- Church: Catholic Church
- Diocese: Diocese of Daejeon
- In office: 4 July 1958 – 6 November 1963
- Predecessor: Vicariate erected
- Successor: Peter Hoang Min Syeng [ko]
- Other post: Titular Bishop of Thinus (1963-1974)
- Previous posts: Titular Bishop of Dusa (1926-1962) Apostolic Vicar of Seoul (1933-1942) Coadjutor Apostolic Vicar of Seoul (1926-1933)

Orders
- Ordination: 10 March 1907
- Consecration: 1 May 1927 by Gustave Mutel [fr]

Personal details
- Born: 4 February 1883 La Romieu, Gers, France
- Died: 12 August 1974 (aged 91) Montbeton, Tarn-et-Garonne, France

= Adrien-Joseph Larribeau =

French Catholic priest (1883–1974)

Adrien-Joseph Larribeau (4 February 1883 – 12 August 1974) was a Catholic priest who was Bishop Emeritus of Daejeon.

== Career ==
Larribeau began his career in 1907 in the La Société des Missions Etrangères as an ordained priest, later that year he went on his mission to Korea. In 1926, he was appointed to Coadjutor Vicar Apostolic of Seoul, Korea. Also in 1926, he was appointed to the Titular Bishop of Dusa, being ordained the next year.
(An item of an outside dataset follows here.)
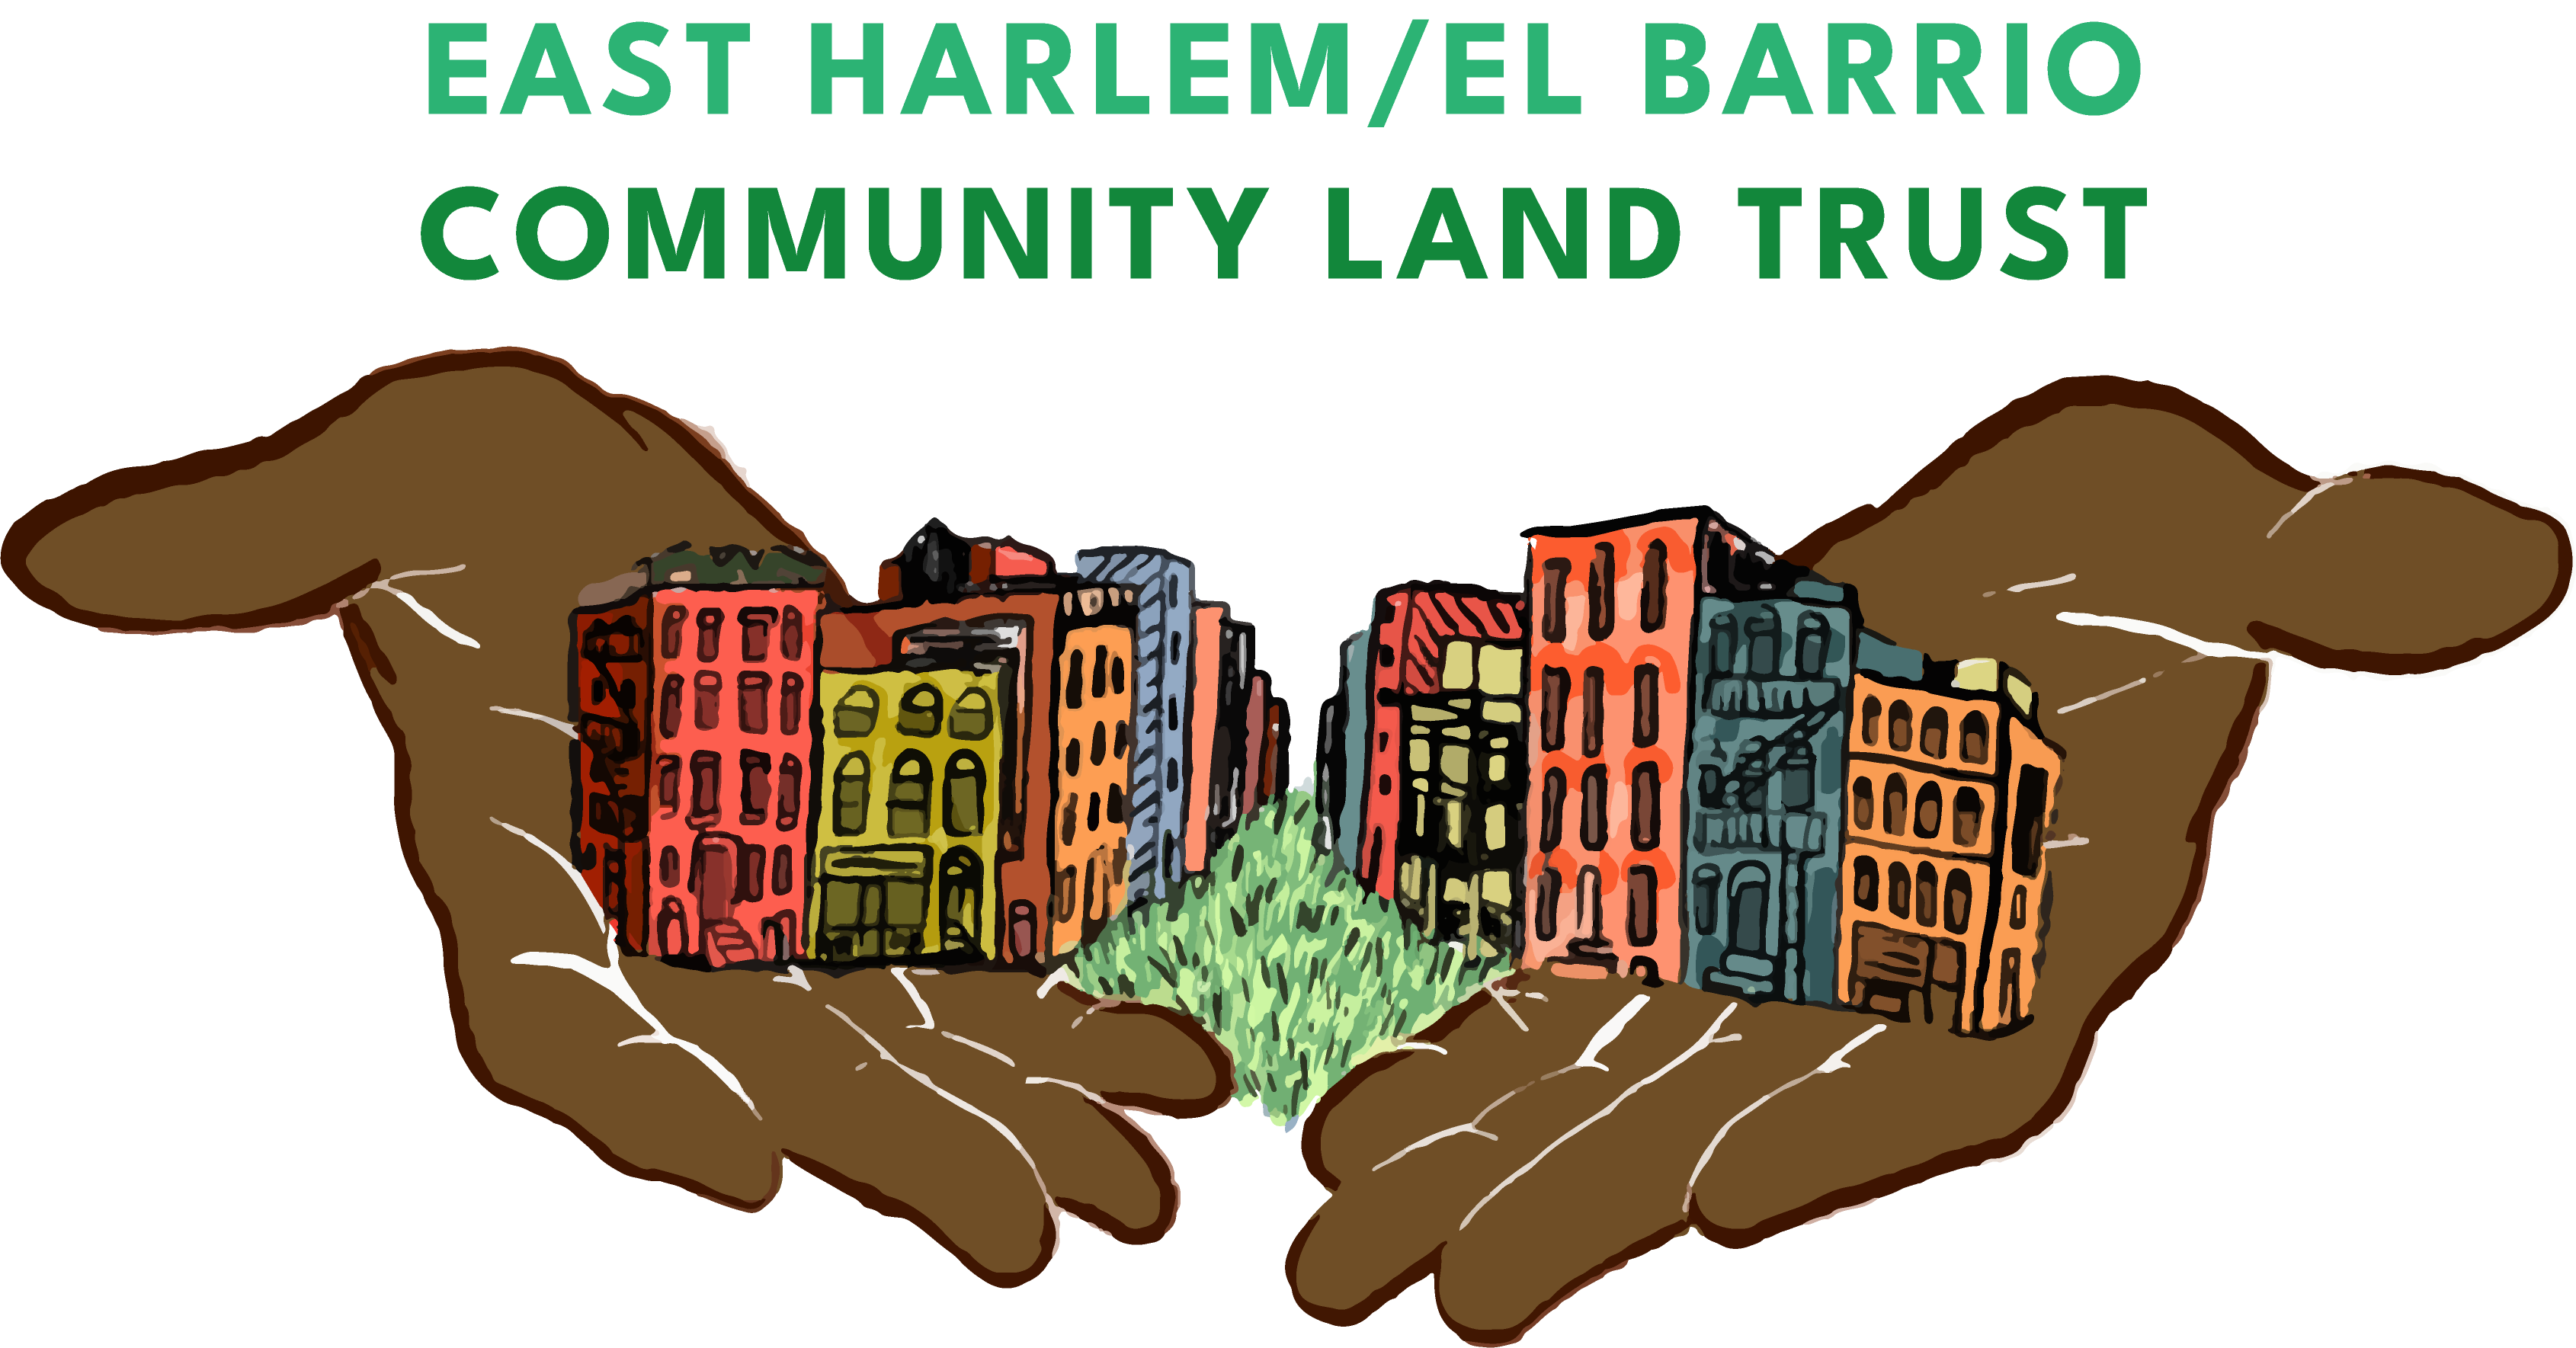 East Harlem/El Barrio Community Land Trust logo
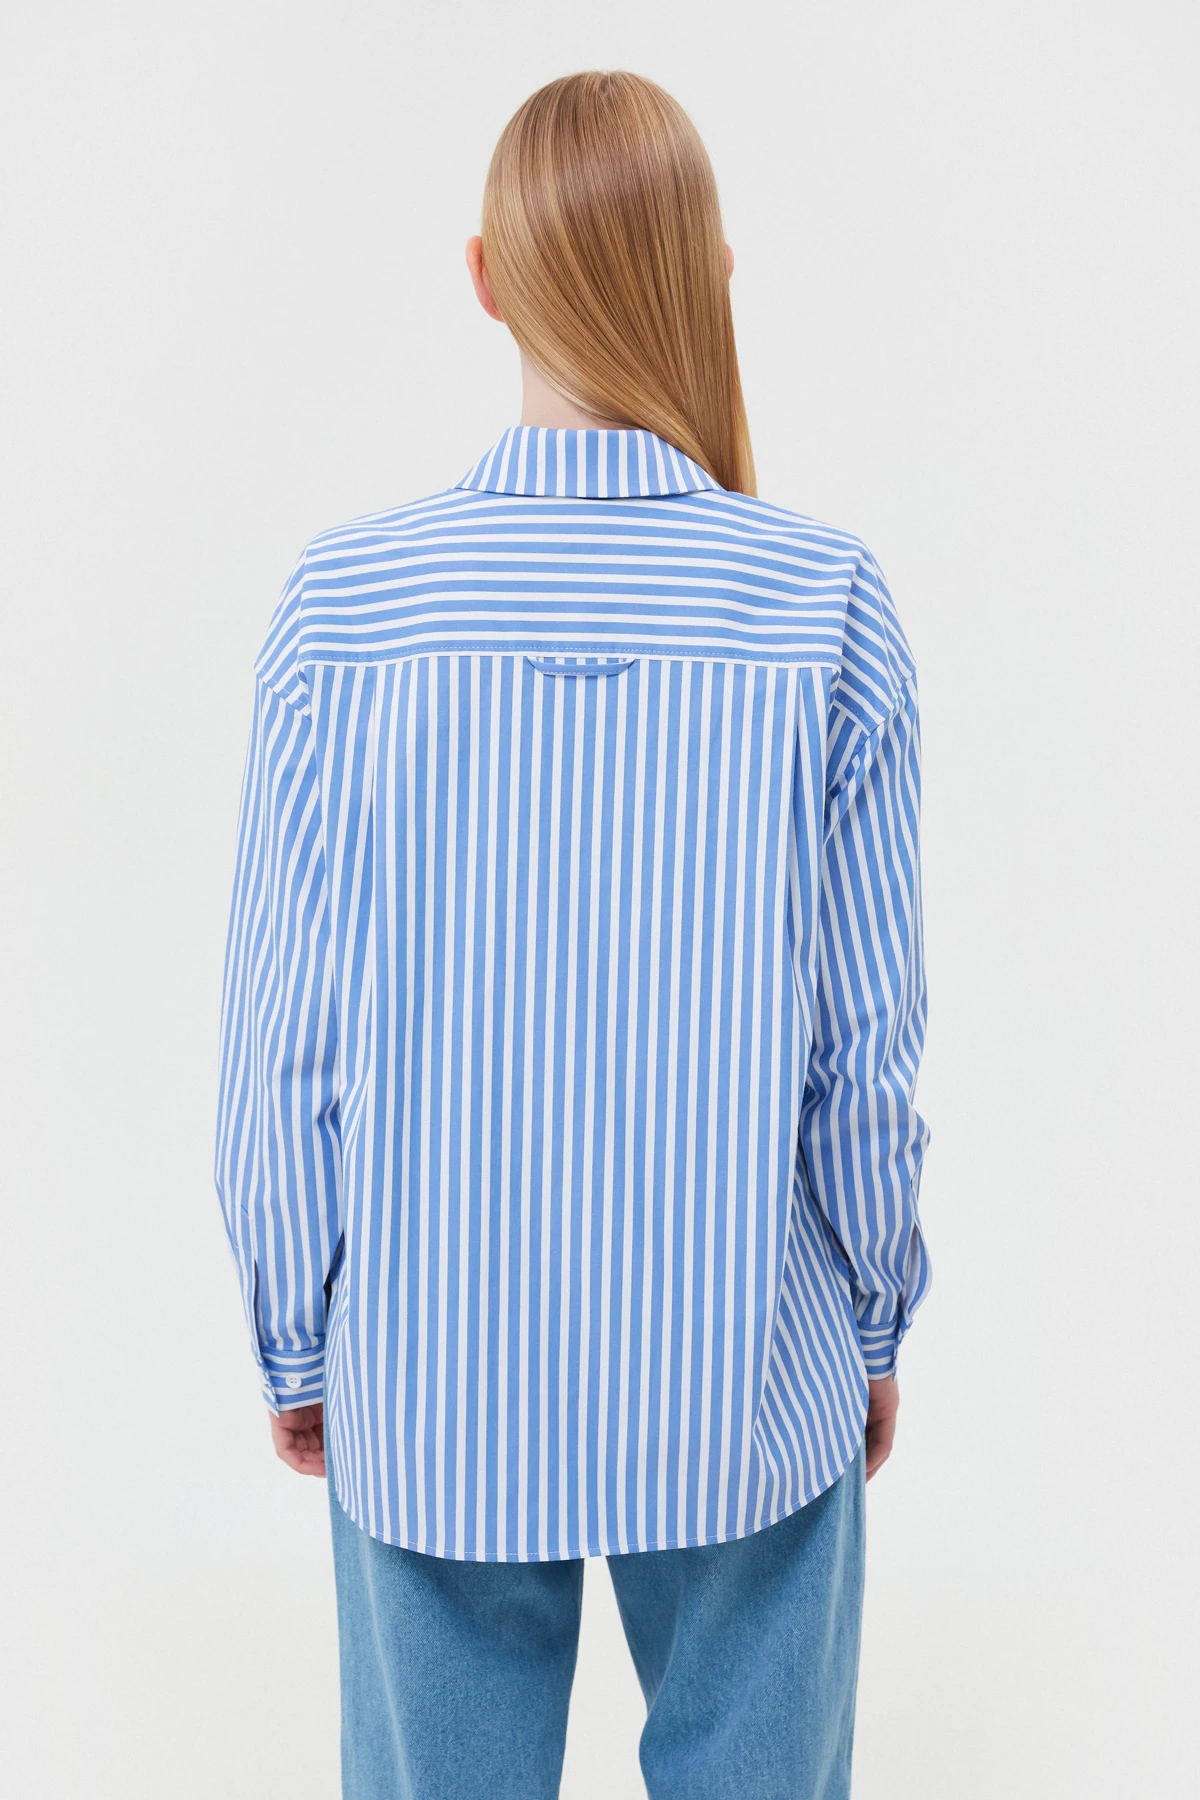 Loose-fit white striped cotton shirt, photo 5

With the Japanese occupation of Korea getting stricter he resigned from the Coadjutor Vicar Apostolic of Seoul in 1942. In 1958, he was appointed to the Vicar Apostolic of Daijeon. In 1962, he was appointed to the Bishop of Daejeon, the next year he retired. In 1963, he was appointed to the Bishop of Thinis. He died in 1974.